DEV Community

Cover image for Sentiment Analysis
Elvis Mburu
Elvis Mburu

Posted on

Sentiment Analysis

Getting Started With Sentiment Analysis

It is the process of detecting positive or negative sentiment in text.
It is also referred to as opinion mining.
It is an approach to natural language processing (NLP) that identifies the emotional tone

behind a body of text.
It is vastly used by organizations to determine and categorize opinions about a produt, service or idea

Sentiment analysis involves the use of data mining, machine learning (ML), artificial intelligence

and computational linguistics
to mine text for sentiment and subjective information.

Such information maybe classified as:

  • positive
  • neutral
  • negative This classification is also known as polarity of a text. Graded Sentiment Analysis
  • very positive
  • positive
  • Neutral
  • Negative
  • Very Negative This is also referred to as graded or fine-grained sentiment anlysis.

Types of Sentiment Analysis

  • Intent-based - recognizes motivation behind a text
  • Fine-grained - graded sentiment analysis
  • Emotion-detection - allows detection of various emotions
  • Aspect-based - anayses text to know particular aspects/features mentioned in all the polarity.

We will not dive into these types for now.

This in turn helps organizations to gather insights into real-time customer sentiment,

customer experience and brand reputation.

Generally these tools use text analytics to analyze online sources .

Benefits of sentiment analysis

  • sorting data as scale
  • real-time analysis
  • consistent criteria

Steps involved in Sentiment Analysis

Sentiment analysis generally follows the following steps:

  • Collect data - The text to be analyzed is identified and collected.
  • Clean the data - The data is processed and cleaned to remove noise and parts of speech that don't have meaning relevant to the sentiment of the text.
  • Extract features - A machine learning algorithm automatically extracts text features to identify negative or positive sentiment.
  • Pick an ML model - A sentiment analysis tool scores the text using rule-based, automatic or hybrid ML model.
  • Sentiment classification - Once a model is picked an used to analyze a piece of text, it assigns a sentiment score to the text including positive, negative of neutral.

Let's have a deep dive in sentiment analysis using an example

Step 1. Collect Data

We are going to used a data set from UCI Machine Learning Repository.

Let's start with importing the libraries that we will be using:
punkt is a data package that contains pre-trained models for tokenization.

# import the required packages and libraries
import numpy as np
import pandas as pd
import nltk
nltk.download('punkt')
Enter fullscreen mode Exit fullscreen mode

loading the dataset

pd.set_option('display.max_colwith', None)
df = pd.read_csv('https://gist.githubusercontent.com/fmnobar/88703ec6a1f37b3eabf126ad38c392b8/raw/76b84540ccd4b0b207a6978eb7e9d938275886ff/imdb_labelled.csv')
df.head()
Enter fullscreen mode Exit fullscreen mode

Output

header for data

We can now see that there are only two columns text and label.
The label indicates the sentiment of the review

  • 1 indicates a postive sentiment
  • 0 indicates a negative sentiment. This thus indicates the polarity of the sentiment.

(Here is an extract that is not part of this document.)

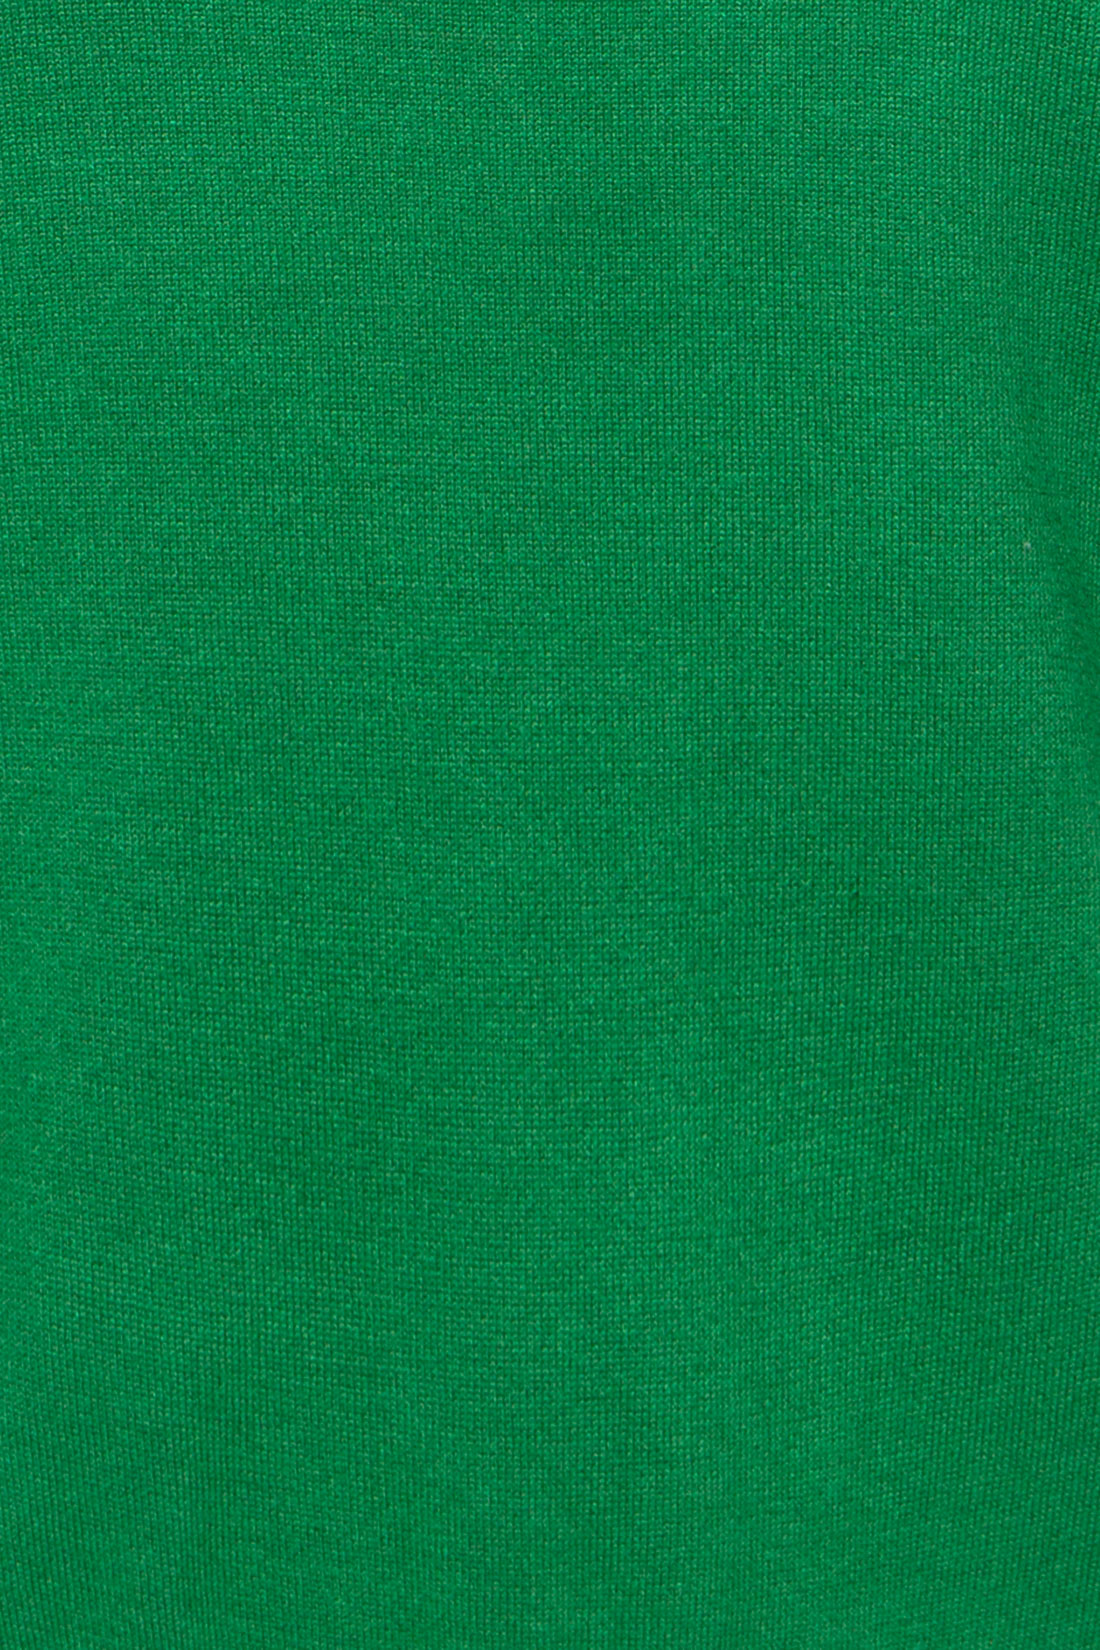 Яркий джемпер с длинными рукавами (арт. baon B137012), размер M, цвет белый Яркий джемпер с длинными рукавами (арт. baon B137012) - фото 3
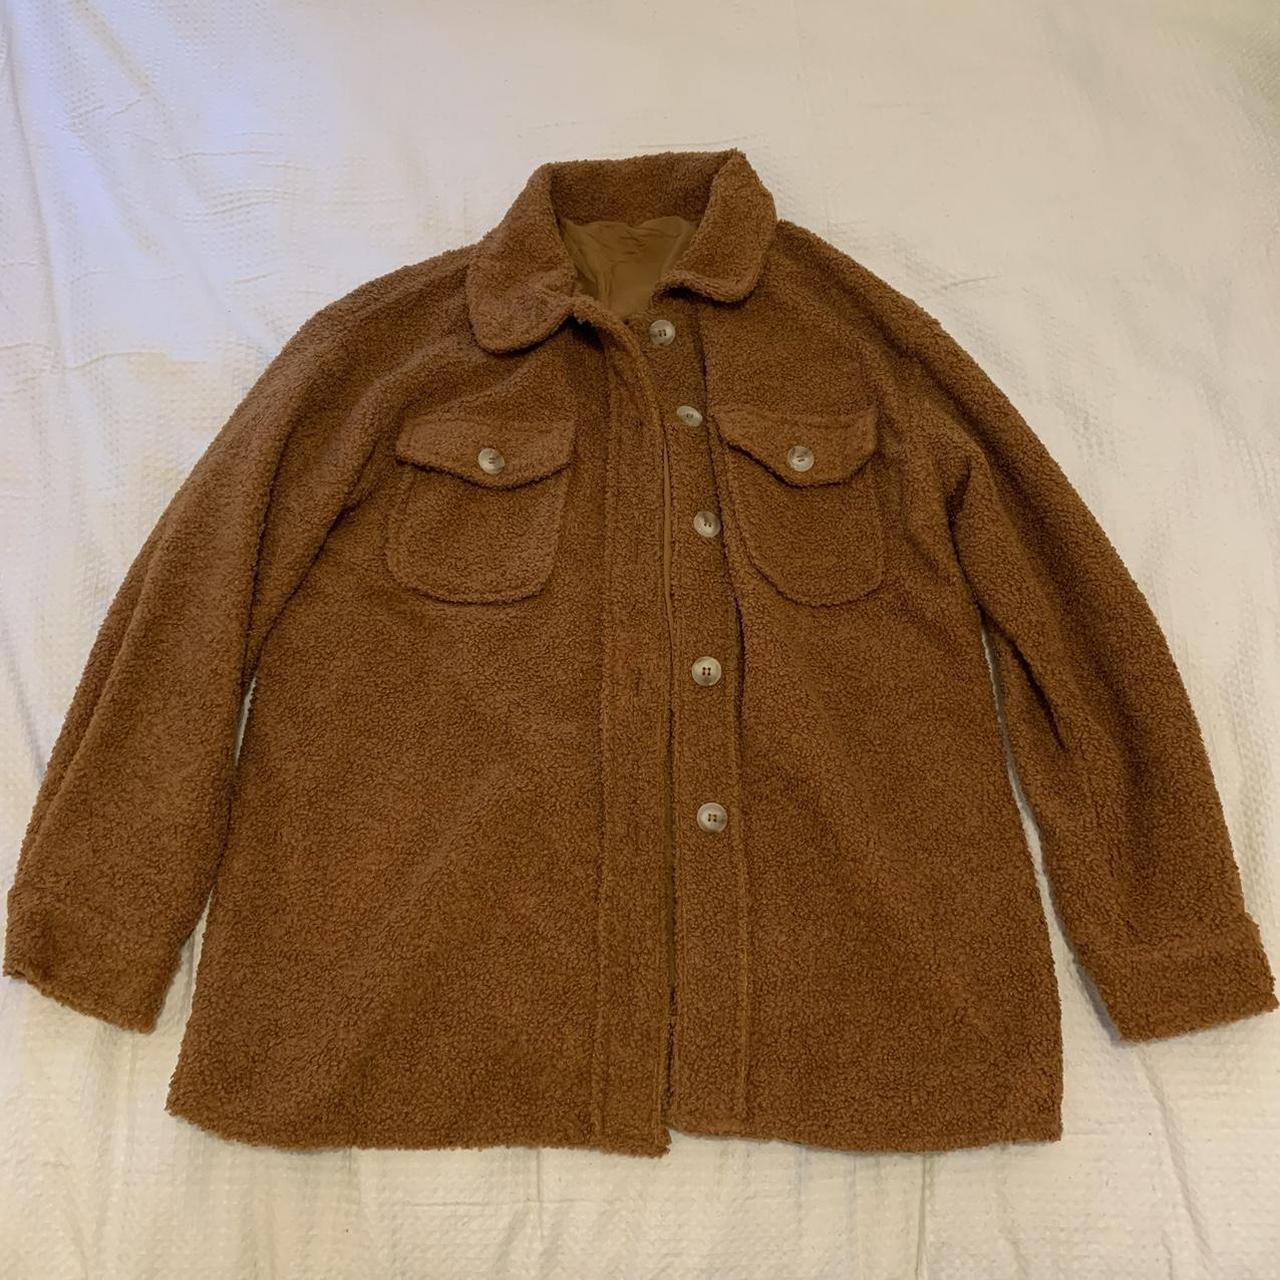 Brown teddy jacket - Depop

We now create a sample string, which is the first entry in the text column of the dataframe df.

sample = df.text[0]
sample
Enter fullscreen mode Exit fullscreen mode

Output

sample

Tokens and Bigrams

a. Tokens

A token is a single unit of meaning that can be identified in a text.
It is also known as a unigram.
Tokenization is the process of breaking down a text into individual tokens.
The functions that perform tokenization are called tokenizers.
This concept is implemented with the nltk.word_tokenize function.

  • the function takes a string of text as input and returns a list of tokens.
  • it splits the text into individual words and punctuation marks.
    Let's see an example the functions usage by tokenizing the sample text.

    sample_tokens = nltk.tokenize(sample)
    sample_tokens[:10] # view a list of elements upto the 10th token

Output

Sample Tokens

b. Bigrams

If we combine two unigrams/tokens we form a bigram.
A bigram is a pair of adjecent tokens in a text.
They are used to capture some of the context in which a particular word
or phrase appers.
They are used to build statistical models of language which are
sequences of n words/tokens.
By analyzing the frequency of different n-grams in a large corpus of text,
NLP systems can learn to predict the probability of dofferen words occuring in a particular context.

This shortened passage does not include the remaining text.